Satoru Iwata, the Nintendo president, is understood to have told his senior executives recently to regard the battle with Sony as a victory already won and to treat Apple, and its iPhone and iPad devices, as the “enemy of the future”.  This is just another example of the digital convergence in the industry.

Now Apple vs Google:

  • Apple has just launched the iPad, Google is developing a tablet
  • Apple has the iPhone, Google Android
  • Apple has the app store, Google the Android Marketplace
  • Apple has just launched the iBooks and Google will launch Google Editions
  • Apple has just launched iAd , Google has AdWords and AdSense (Apple acquired Quattro Wireless after being denied Admob, acquired by Google)

What it is interesting is that the two companies approach the digital convergence in a complete different way, in terms of strategy and vertical integration.

The two companies are somewhat at the extremes. Apple vertically integrated, Google placed in the software and services domains.

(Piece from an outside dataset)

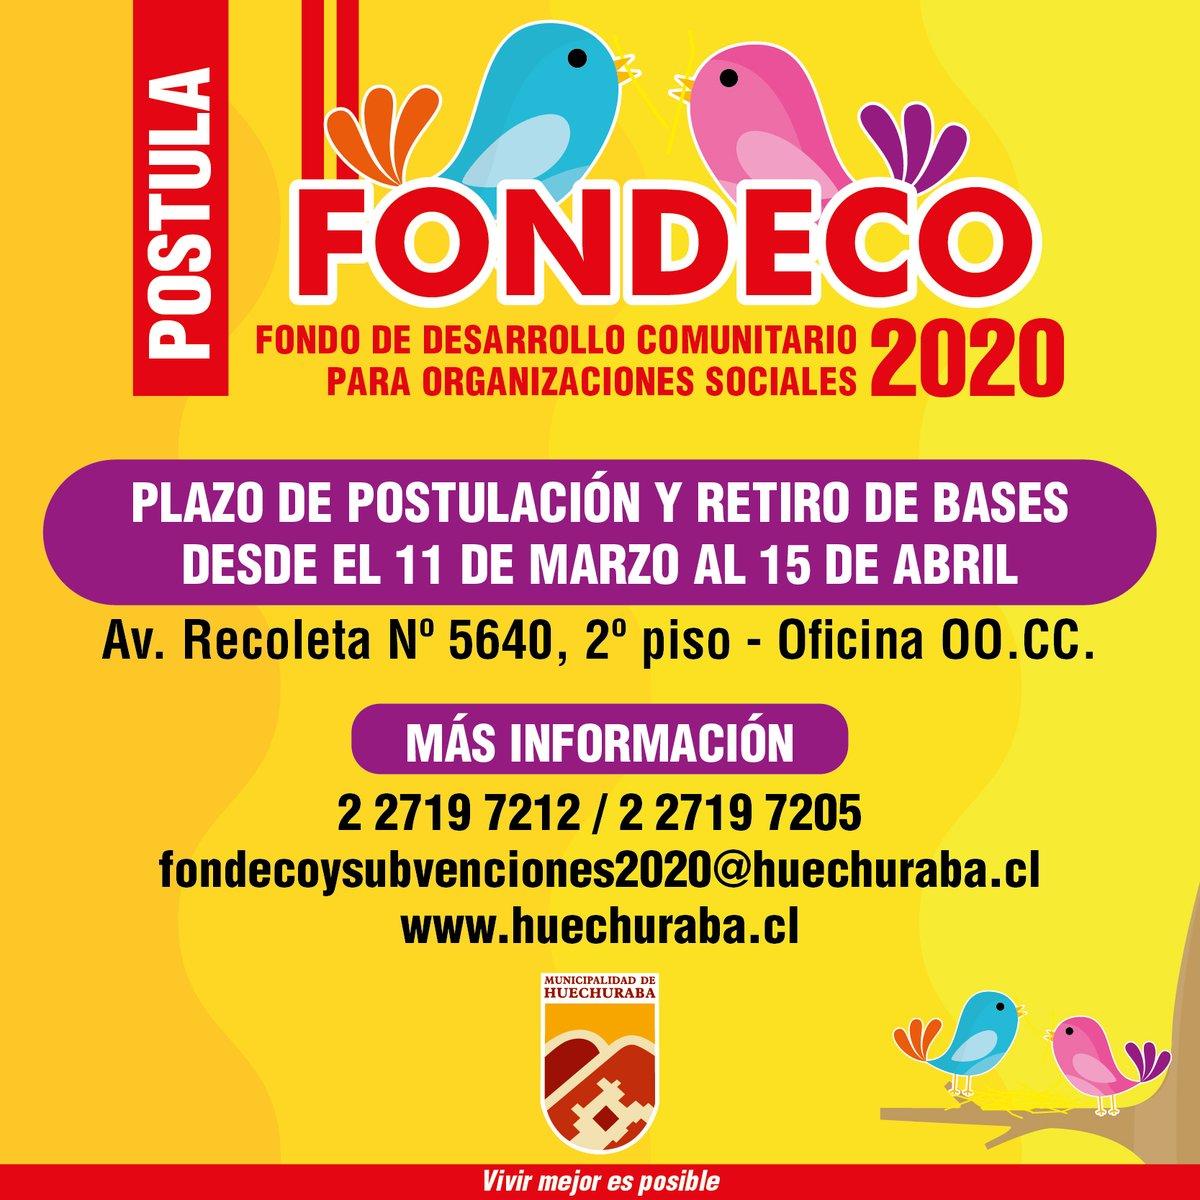 FONDECO 2020: invitamos a postular con sus proyectos a las organizaciones territoriales y funcionales. Más información en https://bit.ly/3cjf5qIpic.twitter.com/v1WQVP0zXe

Apple designs its own chips, the A4 powers the iPad and is the fruit of Apple acquisition P.A. Semi in 2008. It develops its own OS and controls the distribution channel for the content with iTunes. Google develops the Android OS and Internet services such as Google Maps and Google Search. The HW for Nexus One was done by HTC, and while Google tried to bypass the operators for the distribution, now it is stepping back. Apple approves every single application that goes into the App Store, the Android marketplace allows anybody to publish applications. Apple has total control of the platform, their system is closed and the latest rules forbid the use of other languages other than C, C++, and Objective-C.

Apple strategy is paying back, and with only a small percentage of the world handsets market share (2.5%), it leads in operating profits. And here comes Android, according to NPD, Android phones managed to pass the iPhone in market share in the U.S. for the first time last quarter. NPD says that in the first three months of 2010, Android captured 28% of the smartphone market, while Apple’s iPhone grabbed only 21%.

What we are seeing are companies with very different  philosophies, business models and approaches but still competing in the same domain, the digital convergence.  Open vs. closed systems, vertically integrated vs. not vertically integrated. The dynamics are interesting and worth to follow.